In your research, do you only focus on how people with brain injuries navigate?

'No, I also do fundamental research into how healthy people interact with virtual space. So: how do we humans experience a virtual environment, and how does that differ from physical space? What spatial information do we use in the process? In that, I soon found out that there is no one way people experience VR. For instance, people with poorer spatial skills handle it differently. And in general, young men can handle VR the easiest. Which also makes sense, as this is also the group that plays games most often and is thus more familiar with the virtual world, but stereotypical beliefs also seem to play a role in this effect. I want to make this kind of knowledge useful for other colleagues, who can use it as a basis to develop applications themselves.'

Getting lost is no longer necessary since we have Google Maps, but as a result we are less able to find our way on our own. Do you worry about that?

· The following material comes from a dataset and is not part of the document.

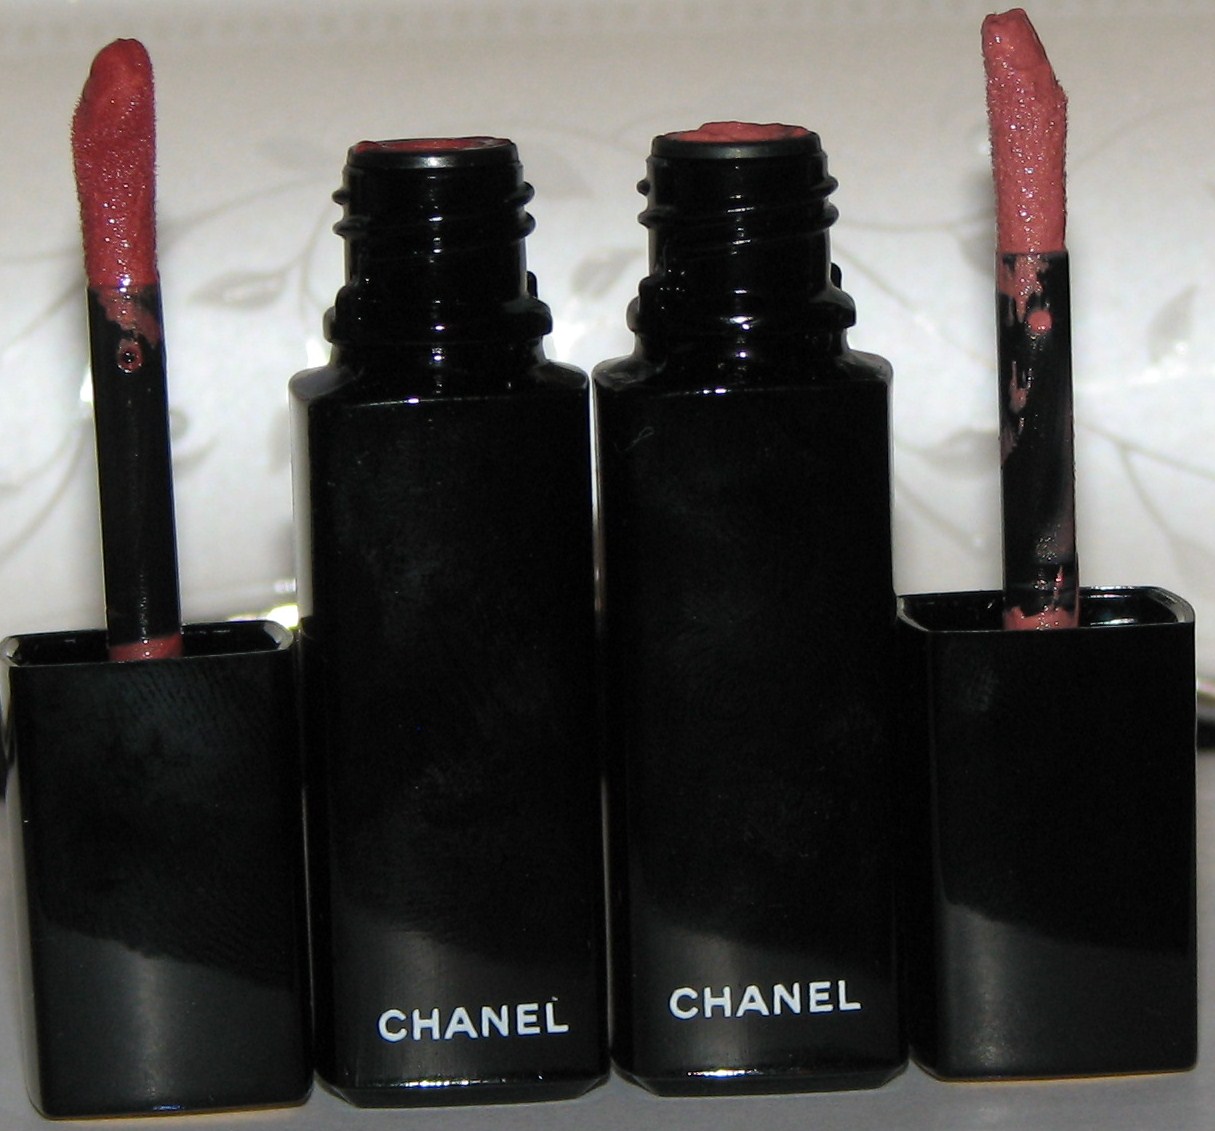 Chanel Rouge Allure Laque Ultrawear Shine Liquid Lip Colour - 70

'Yes. We see that spatial skills are changing even in healthy people. Even in the lecture hall, I sometimes see that students can no longer properly distinguish between left and right. In addition, cities are filled with all kinds of things that demand our attention, which makes focusing on the route increasingly difficult. It is handy that GPS comes to the rescue, but this complete dependence is not beneficial. Once you are in an unfamiliar place and your phone breaks down, there is nothing you can do. It is making us unnecessarily vulnerable.'

'It's convenient that GPS comes to the rescue, but that complete dependence is not helpful'

How is your own navigational ability?

'Haha, well, I'm not particularly good at finding my way myself, and I enjoy driving with GPS too. Especially when the road is busy. Still, it's good to keep training yourself in it from time to time.'

How do you do that?

'For example, by going to a new place, turning off your phone there and trying to find the way back on your own. With women, you often see that they then look for landmarks: what did I see along the way? Can I find that again? On average, men do it differently, looking for: where is north? Then I must go in that direction. How you do it doesn't matter, as long as it works for you'.